For fragment unit tests I am using a base class that can make any fragment go through the lifecycle of a parent activity:

public class FragmentTestCase {

    private static final String FRAGMENT_TAG = "fragment";

    private ActivityController controller;
    private FragmentActivity activity;
    private T fragment;

    /**
     * Adds the fragment to a new blank activity, thereby fully
     * initializing its view.
     */
    public void startFragment(T fragment) {
        this.fragment = fragment;
        controller = Robolectric.buildActivity(FragmentActivity.class);
        activity = controller.create().start().visible().get();
        FragmentManager manager = activity.getFragmentManager();
        manager.beginTransaction()
        		.add(fragment, FRAGMENT_TAG).commit();
    }

    @After
    public void destroyFragment() {
        if (fragment != null) {
            FragmentManager manager = activity.getFragmentManager();
            manager.beginTransaction().remove(fragment).commit();
            fragment = null;
            activity = null;
        }
    }

    public void pauseAndResumeFragment() {
    	controller.pause().resume();
    }

    public T recreateFragment() {
    	activity.recreate();
        // Recreating the activity creates a new instance of the
        // fragment which we need to retrieve by tag.
    	fragment = (T) activity.getFragmentManager()
    			.findFragmentByTag(FRAGMENT_TAG);
    	return fragment;
    }

}

The general idea is that the best way to put a fragment through realistic state transitions is to add it to a real activity and then make that activity change states. Using a blank FragmentActivity works well for this purpose.

The helper methods allow me to very quickly write at least 3 tests covering the most common transitions, same as above for activities.
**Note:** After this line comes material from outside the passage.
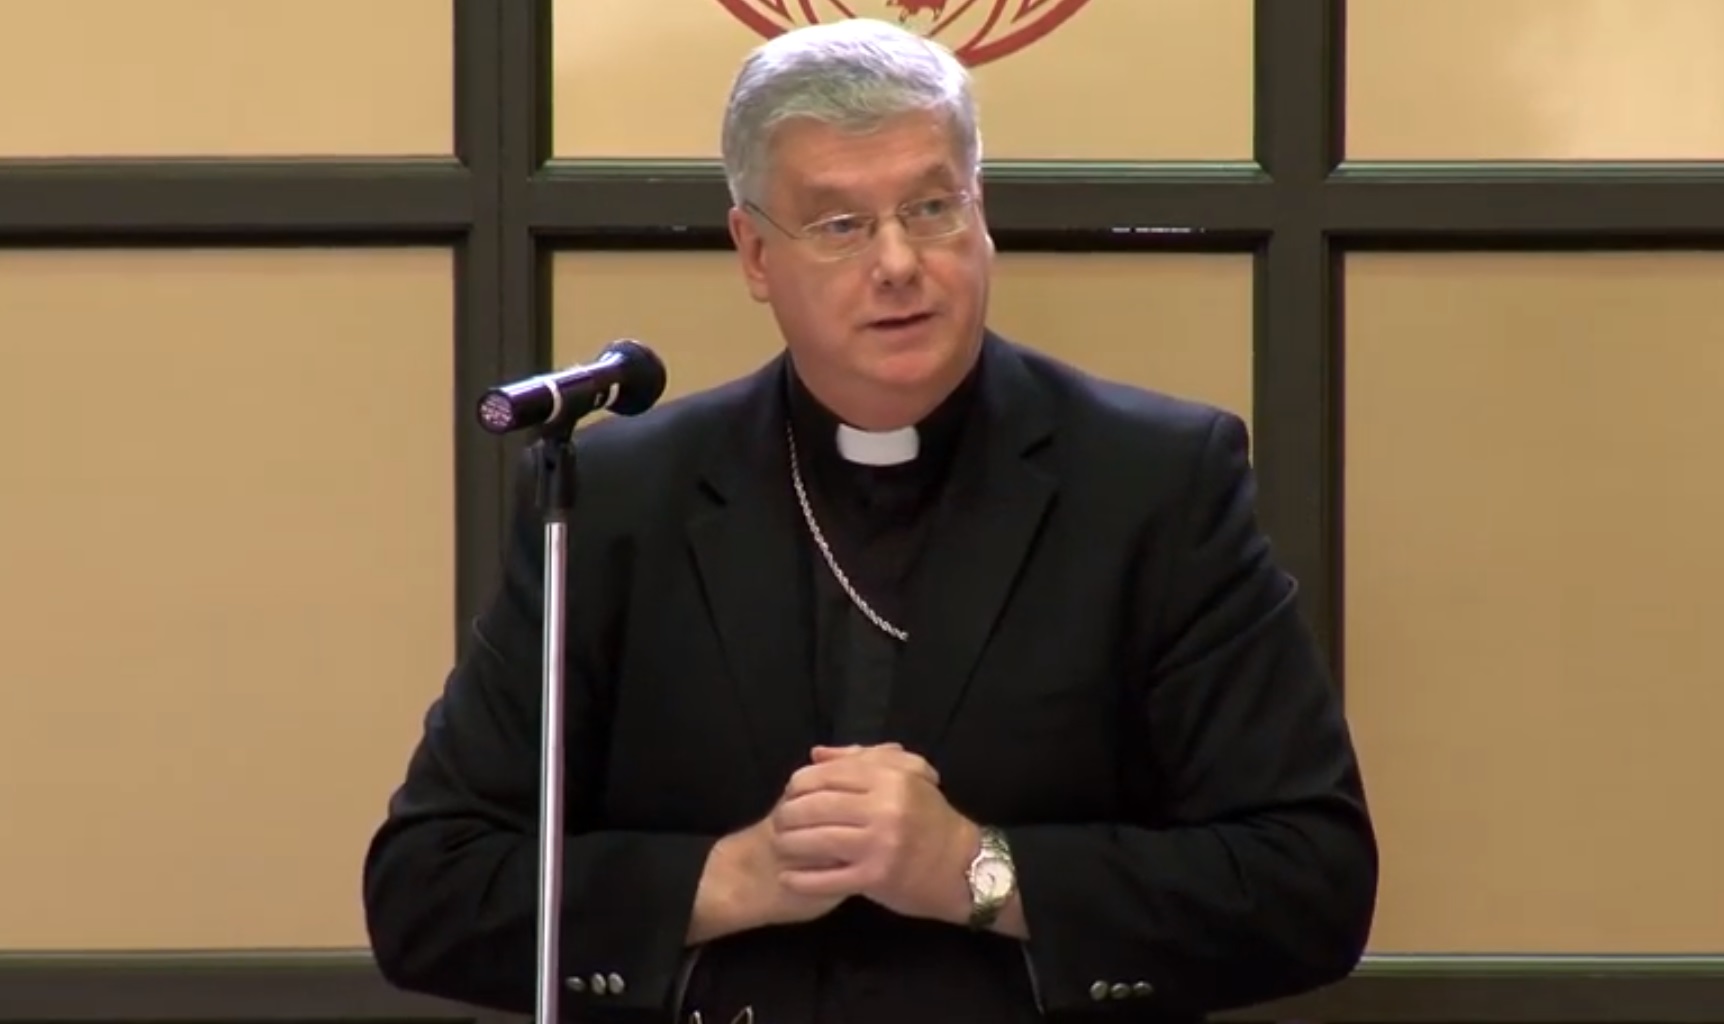 Auxiliary Bishop Gerard Battersby directed the LGBT+ group Fortunate Families to disband

This is an example for a MyFragment class:

@RunWith(RobolectricTestRunner.class)
public class MyFragmentTest extends FragmentTestCase<MyFragment> {

    private MyFragment fragment;

    @Before
    public void setUp() {
        fragment = new MyFragment();
    }

    @Test
    public void createsAndDestroysFragment() {
        startFragment(fragment);
        // Assertions go here
    }

    @Test
    public void pausesAndResumesFragment() {
        startFragment(fragment);
        pauseAndResumeFragment();
        // Assertions go here
    }

    @Test
    public void recreatesFragment() {
        startFragment(fragment);
        fragment = recreateFragment();
        // Assertions go here
    }

}

***

I’ve had pretty solid results with these patterns so far. I’m beta testing an app with real users right now, fully covered with tests like the above, and I haven’t seen any crashes yet (knock on wood). But I’m sure this can be improved upon. I’d be curious to hear how others use Robolectric since I can find so few real world examples out there.